Gambie: Manifestation contre la confiscation du pouvoir par Jammeh

 

Le 1er décembre 2016, la Gambie a organisé une élection présidentielle qui a entraîné un changement majeur dans le pays au bilan terrible en matière des droits humains en Afrique de l’Ouest.

Malgré des décennies d’attaques  contre des journalistes, des membres de l’opposition et des défenseurs des droits humains, les Gambiens sont sortis en grand nombre pour mener une campagne électorale pacifique  avant d’aller voter.

Pour vraiment la première fois dans l’histoire moderne de la Gambie, un grand nombre de citoyens s’est exprimé sans aucune crainte contre le régime en place depuis 22 ans. Ce qui constitue un remarquable revirement par rapport à la situation quelques mois auparavant.

Le lendemain 2 décembre, la Commission électorale indépendante (CEI) a annoncé que le leader de l’opposition, Adama Barrow, a remporté les élections et, à la surprise générale, le même soir, le président sortant Yahya Jammeh a concédé sa défaite et félicité son adversaire.

Cela a conduit à des célébrations majeures et à des gains immédiats en matière de droits de l’homme – 42 prisonniers d’opinion ont été libérés la semaine suivante, le Président élu a annoncé qu’il garderait la Gambie à la CPI et promis d’abroger les lois répressives du pays.

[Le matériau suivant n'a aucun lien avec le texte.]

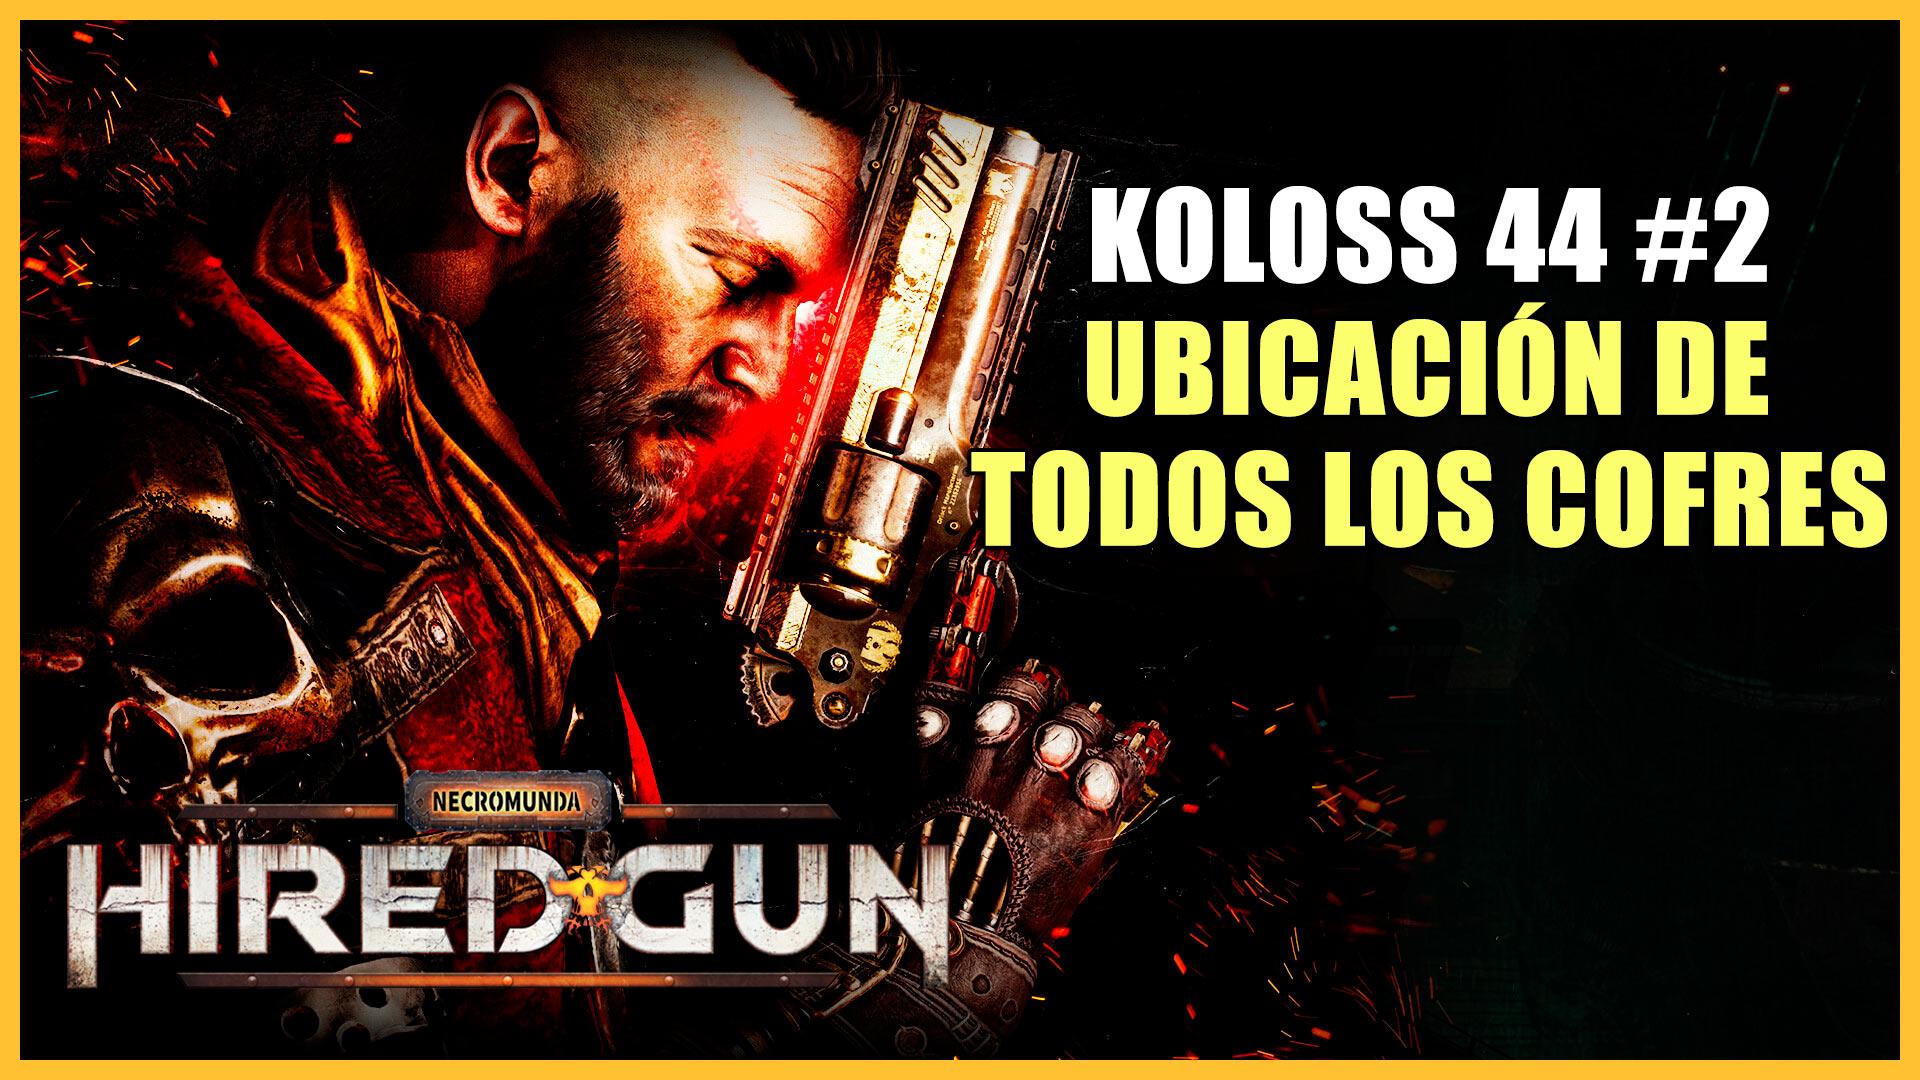 Cofres de Koloss 44 en Necromunda: Hired Gun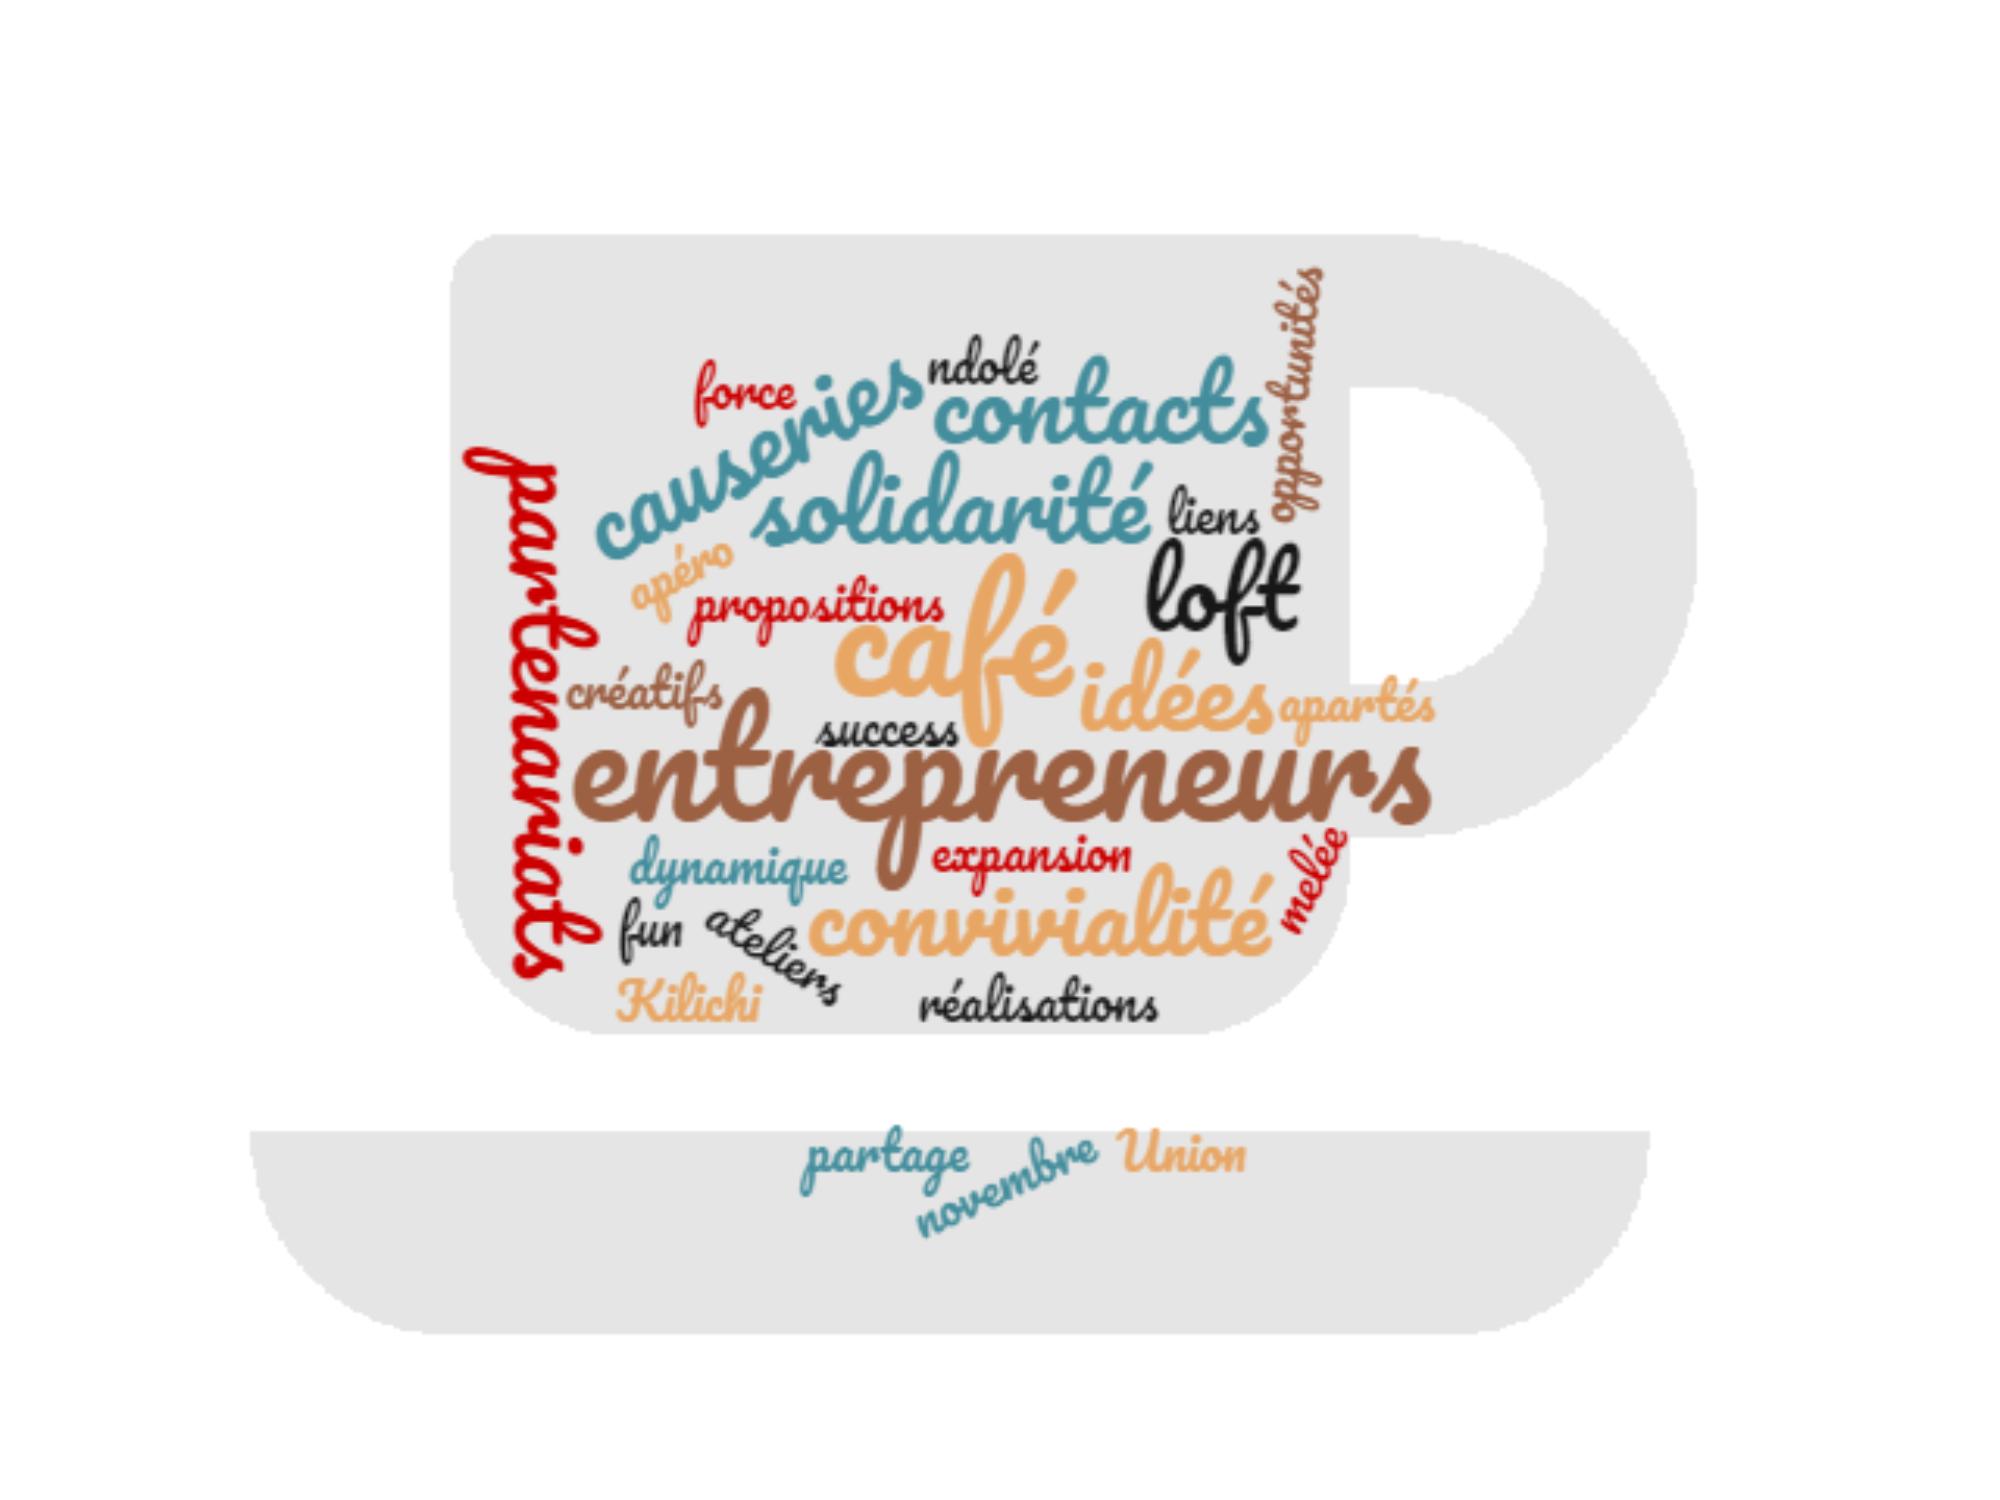 Cafe des entrepreneurs

Une semaine plus tard, Yahya Jammeh est allé à la télévision pour rejeter les résultats et annoncer qu’il annulerait les élections pour en organiser de nouvelles lorsque les ressources du pays le permettraient avec une Commission électorale indépendante différente. Dans le même message télévisé, Jammeh dit qu’il y aura une tolérance zéro sur les manifestations et des représailles sont prévues contre ceux qui en auraient organisé.

Il y a de réels problèmes avec la Cour suprême, à tel point que l’ONU et d’autres ont déclaré que ce n’était pas une option crédible. Il n’y a qu’un juge sur sept actuellement en place, parce que Yahya Jammeh a déjà embauché et licencié avec une grande régularité et a décidé de ne pas nommer de juge depuis mai 2015. Il devrait donc nommer de nouveaux juges pour entendre son cas, et bien sûr La crainte parmi l’opposition est qu’il nommera des juges qui lui seraient favorables.

Tout cela a mené à une vague rapide de condamnations internationales, avec de fortes déclarations du Conseil de sécurité de l’ONU, de la CEDEAO, de l’UA, des États-Unis, de l’UE et d’autres demandant à Yahya Jammeh d’accepter les résultats et de respecter le droit de manifestation pacifique.

Lundi 12 décembre, les chefs d’État du Libéria, du Nigeria, du Ghana et de la Sierra Leone se sont rendus en Gambie pour tenter de convaincre Yahya Jammeh, mais n’ont pas conclu à un accord.

Au moment où se tient en ce samedi 17 décembre 2016 un sommet des chefs d’Etat de la CEDEAO sur la Gambie, les organisations de défense des droits humains et de la société civile rassemblés à Dakar la capitale sénégalaise, déclarons que :

  1. Le rejet par le président Jammeh des résultats de l’élection et le fait qu’il a déclaré qu’il ne tolérerait aucune manifestation risquent d’engendrer une instabilité et pourraient conduire à une répression.

  1. Au cours des dernières semaines, des milliers de Gambiens ont joui de la possibilité de s’exprimer et de se rassembler librement, et ces droits doivent être protégés. Si des Gambiens décident d’exercer leur droit de manifester pacifiquement, nous demandons aux forces de sécurité de faire preuve de retenue, et nous espérons que la communauté internationale condamnera toute restriction de ce droit et toutes les autres violations qui seraient commises.

 

  1. Tous les gains réels et potentiels en matière de droits humains doivent également être protégés. 42 prisonniers d’opinion ont été libérés sous caution la semaine dernière et, indépendamment de l’issue de la crise actuelle, ils devraient être totalement acquittés, et d’autres prisonniers de conscience doivent être libérés également.